The golem in the Talmud—I'm not sure about this passage as I've never actually read it, but a golem is, in Jewish legend, a kind of natural android made of river clay which is animated either by placing a copy of the Sh'ma, the basic Jewish prayer, into the mouth of the golem or by carving the Hebrew word for truth, emeth, into its forehead.

Oy vey iz dir—Yiddish: "Oh woe is you!"

Bulverism—this is a real word that C.S. Lewis invented, though I've forgotten where he first used it

Norman Rockwell Museum—A real and very beautiful museum in Stockbridge, MA, which I've been very fortunate to visit on a couple occasions. Steven Spielberg helped finance its construction, since Rockwell is one of his chief sources of inspiration.

Edible food wraps—I've heard talk that someone invented this and was testing it out.

"Over the teeth and over the gums…"—Swiped this wholesale from one of classic radio comedian Red Skelton's hysterical drunk routines.
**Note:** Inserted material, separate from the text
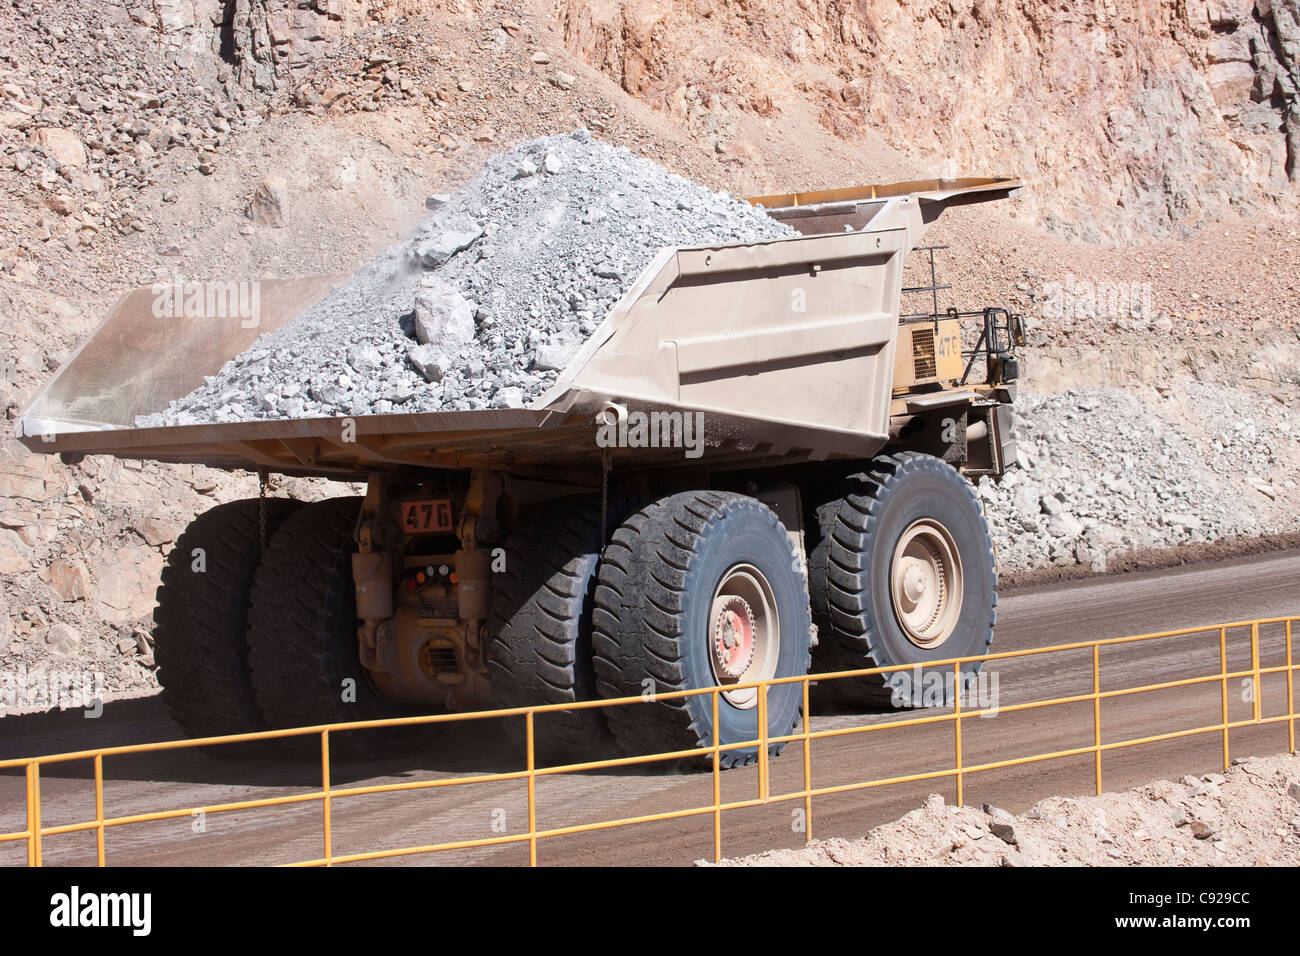 Chile, Chuquicamata, loaded truck at open pit copper mine Stock Photo

The graveyard scene—I got the idea for this whole scene from the photograph on page 82 of the Hallmark Greetings gift book Kisses, which features a photo circa 1950 of a young farming couple cuddling on the grass in a English graveyard at night. But there's something a little too well groomed about the young swain, and he bears an eerie resemblance to Jude Law (I'm not making this up!)…and there's something a little plasticky about his whole look, just from the way the flash lights him up.

"Not from me the cold calm kiss…"—This is a modified version of the second stanza of Ella Wheeler Wilcox's poem "I Love You."

The door-slammer—My chief source of inspiration for this rowdy scene is James Thurber's classic story "The Night the Bed Fell" in his autobiography My Life and Hard Times.